En este sentido, el uke viene a ser la persona más importante del equipo. Una afirmación un tanto metafísica, puesto que todos somos (y no somos) ukes al mismo tiempo. Además, es un concepto extraño hoy en día, en una sociedad donde prima el yo sobre todo el resto. Mis viajes, mis fiestas, mis negocios, mis selfies en el espejo, mis videos bailando el último hit de Bugs Bunny, yo, yo, yo… Sin embargo, dentro de un dojo, aún se encuentra la posibilidad de ayudar a moldear el carácter de quienes llegan a practicar el arte, a través de estos conceptos de crecimiento en manada. Y de alguna manera, contribuir a desacelerar esta caída libre hacia la decadencia.


Es una hermosa utopía la que se vive dentro del dojo. Quizás por eso las personas se enamoran del camino y se mantienen en él por el resto de sus vidas. Existe algo dentro de esas cuatro paredes y ese tatami, entre la sangre y el sudor, que nos regresa a un lugar cálido y seguro. Irónico, pues cada entrenamiento es una lucha por sobrevivir, pero es esa misma paradoja la que nos mantiene vivos.
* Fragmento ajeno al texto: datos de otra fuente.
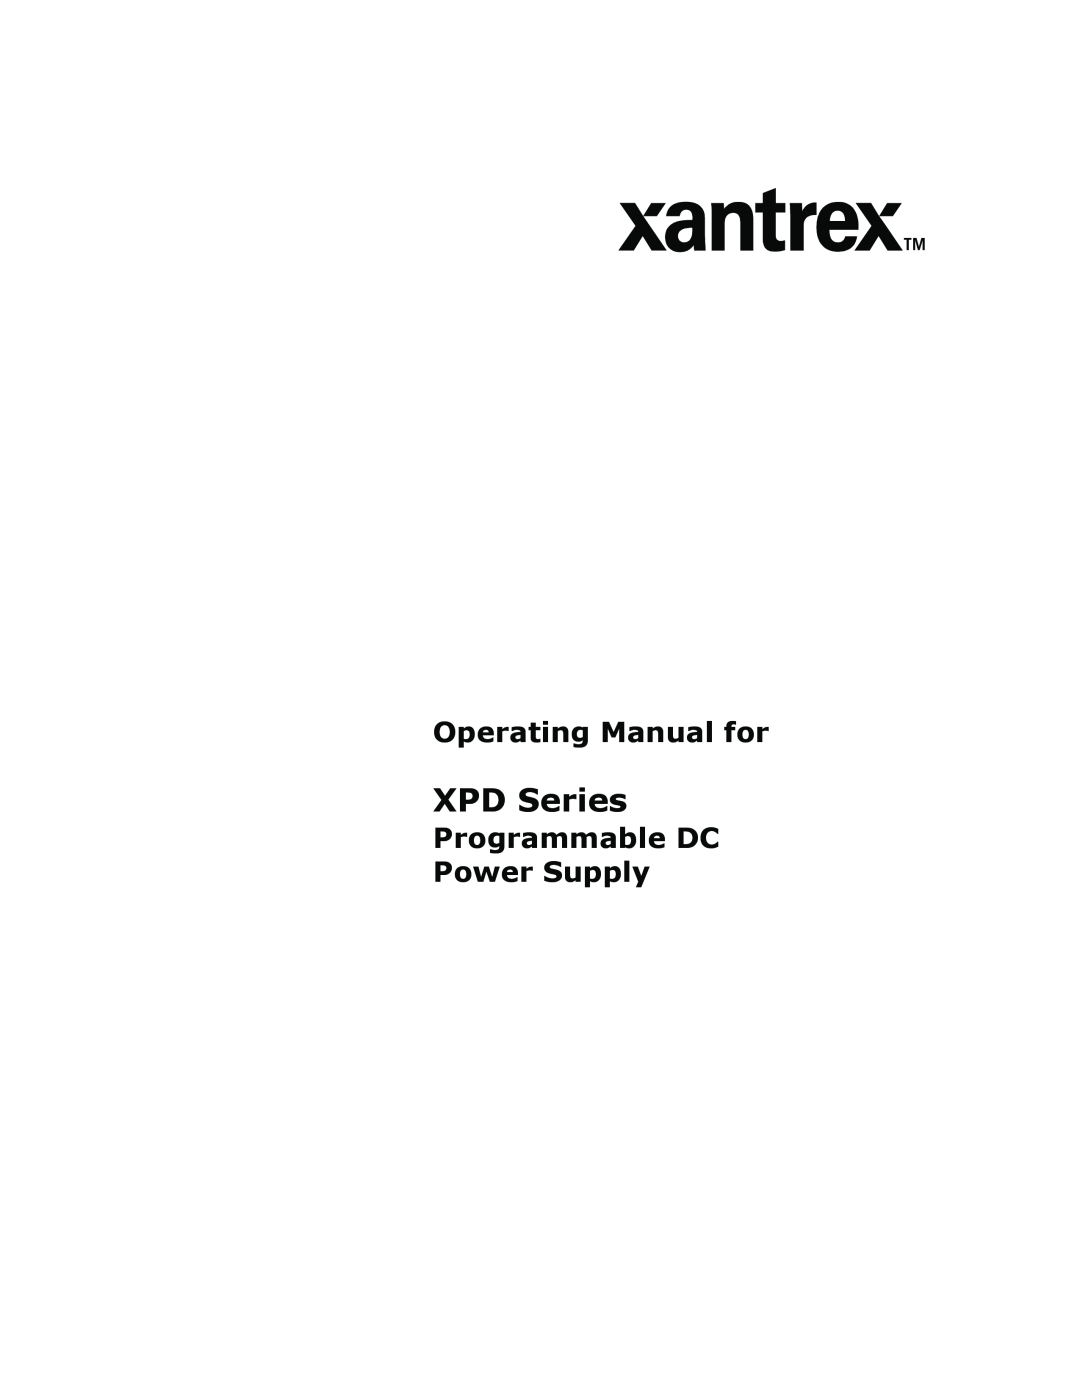 Xantrex Technology XPD 33-16, XPD 60-9, XPD 7.5-67, XPD 18-30 XPD Series, Operating Manual for, Programmable DC Power Supply 
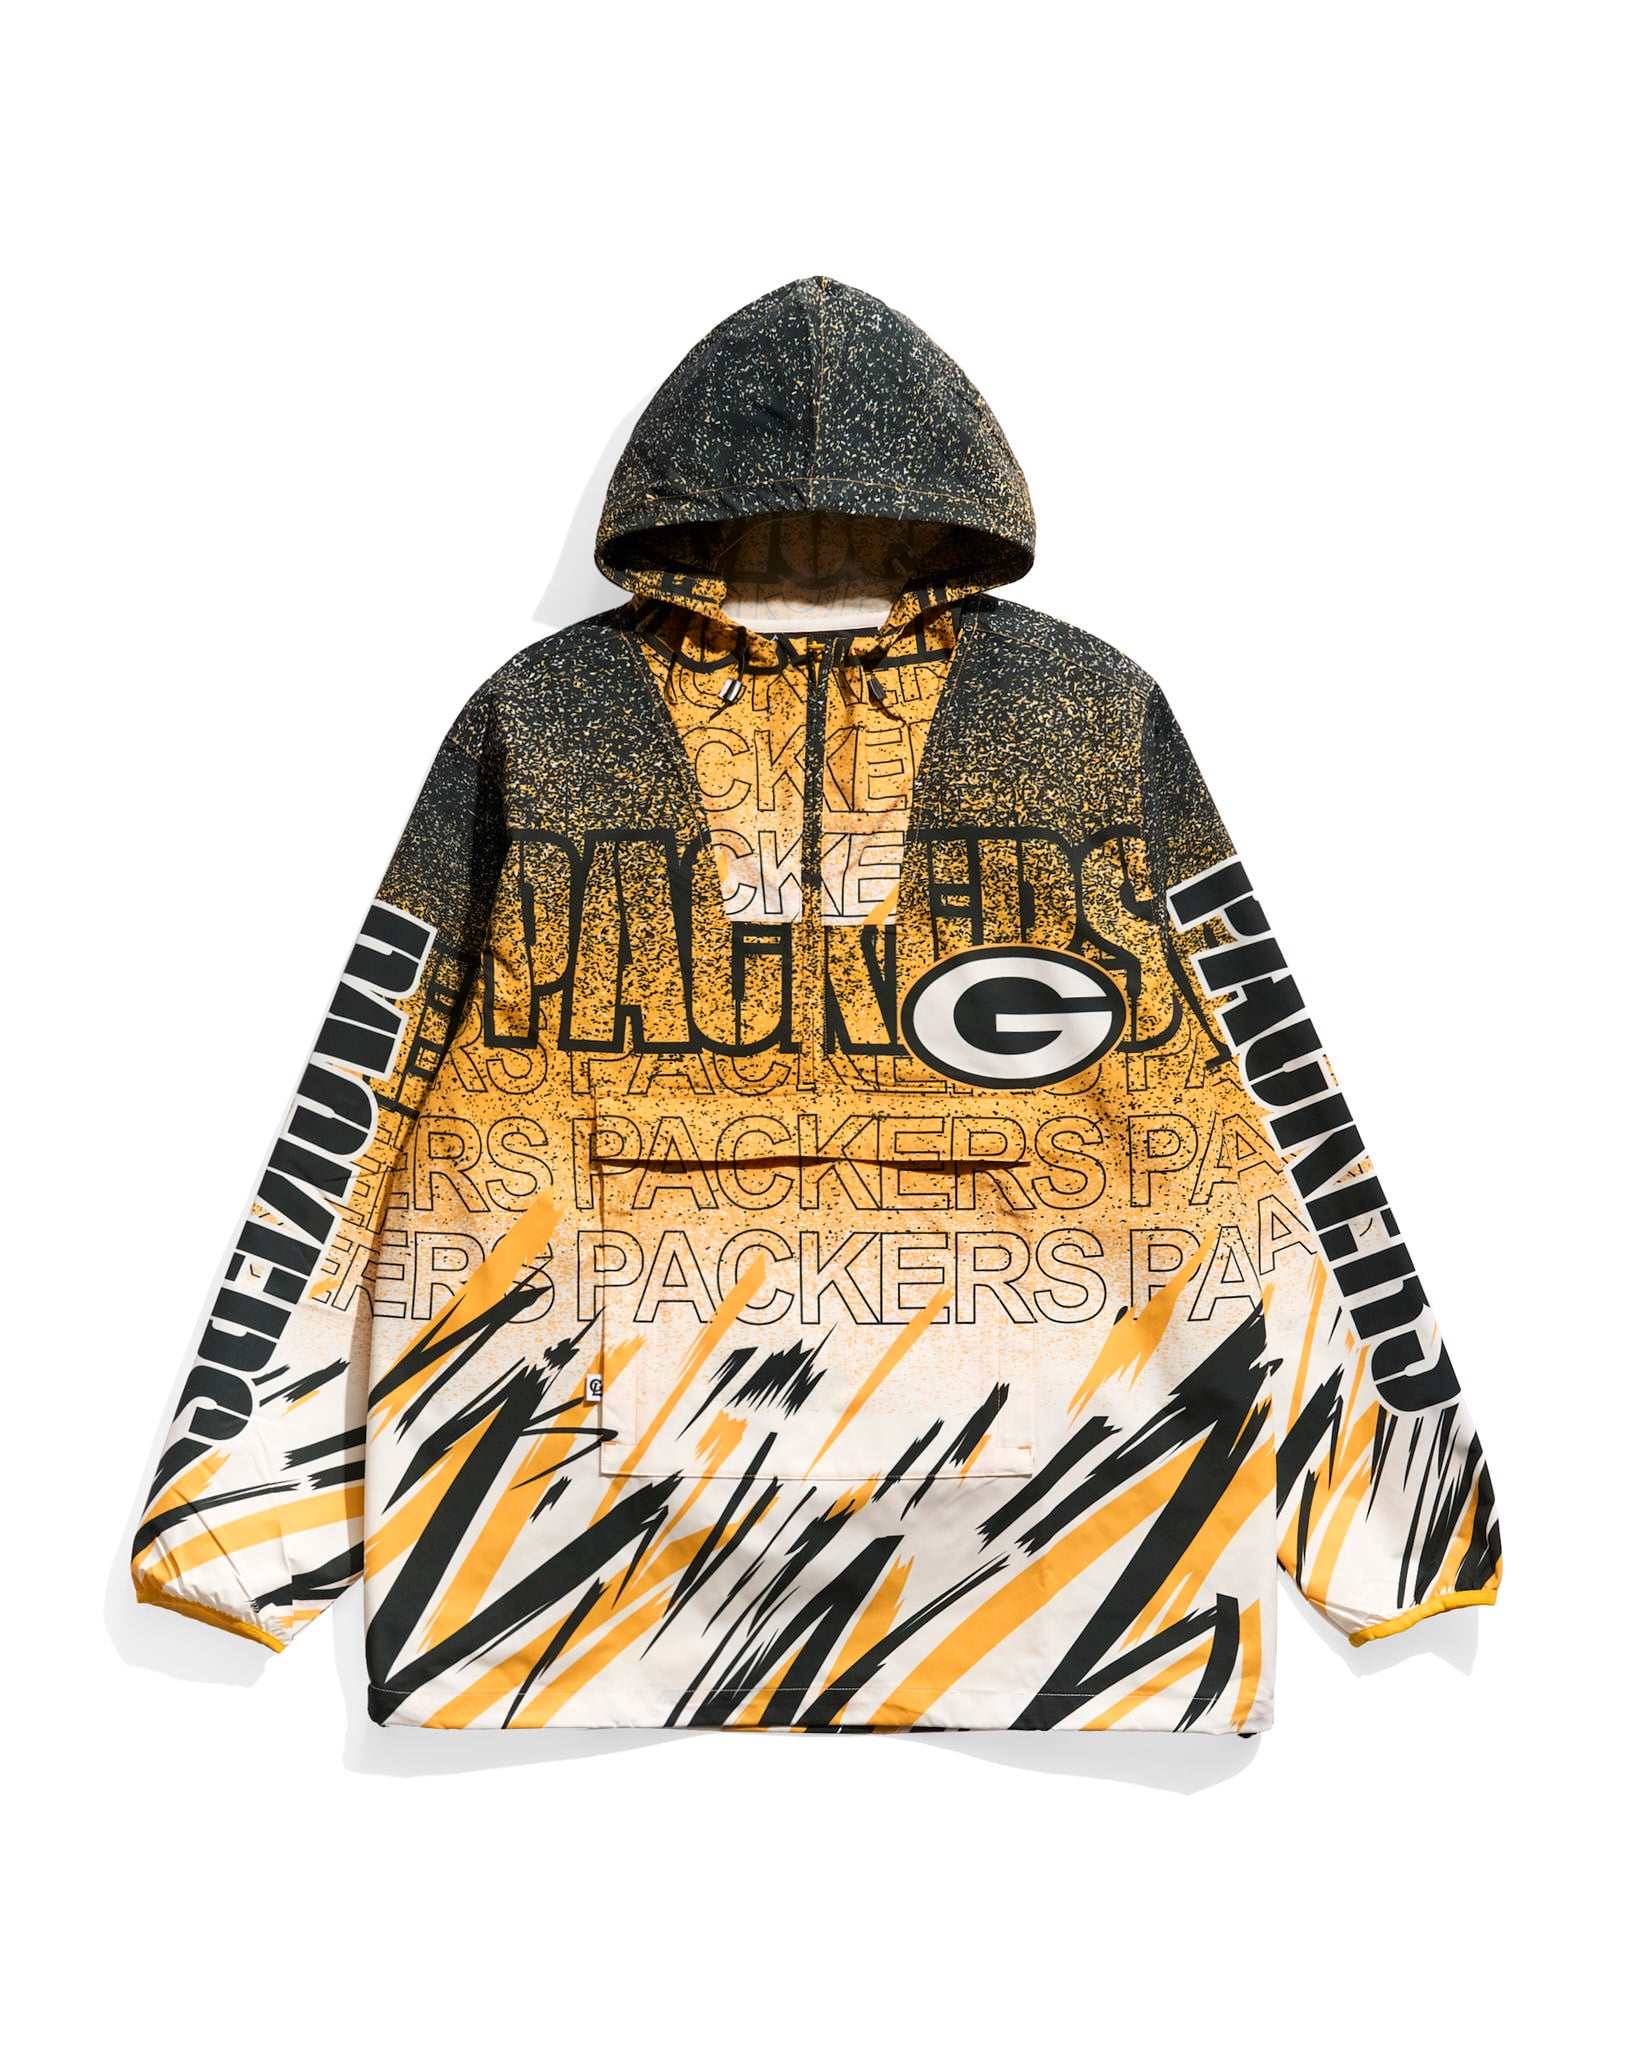 Green Bay Packers Sketch Pad Anorak Jacket

Después de todo, desde que nacemos entramos en una lucha constante entre la vida y la muerte en este mundo complicado y extraño. Todos los días batallamos contra bacterias y otros organismos — algunos invisibles para nuestros ojos — que quieren matarnos. Y es este mundo al que debemos adaptarnos a como dé lugar. 


La regla implícita de hoy es: haz trampa, traiciona a tu compañero, acusa a tu vecino, córtale las piernas al de a lado para alcanzar el premio gordo, písale la cabeza a tu compañero para subir al siguiente nivel. Lamentablemente ese es el mundo de hoy. 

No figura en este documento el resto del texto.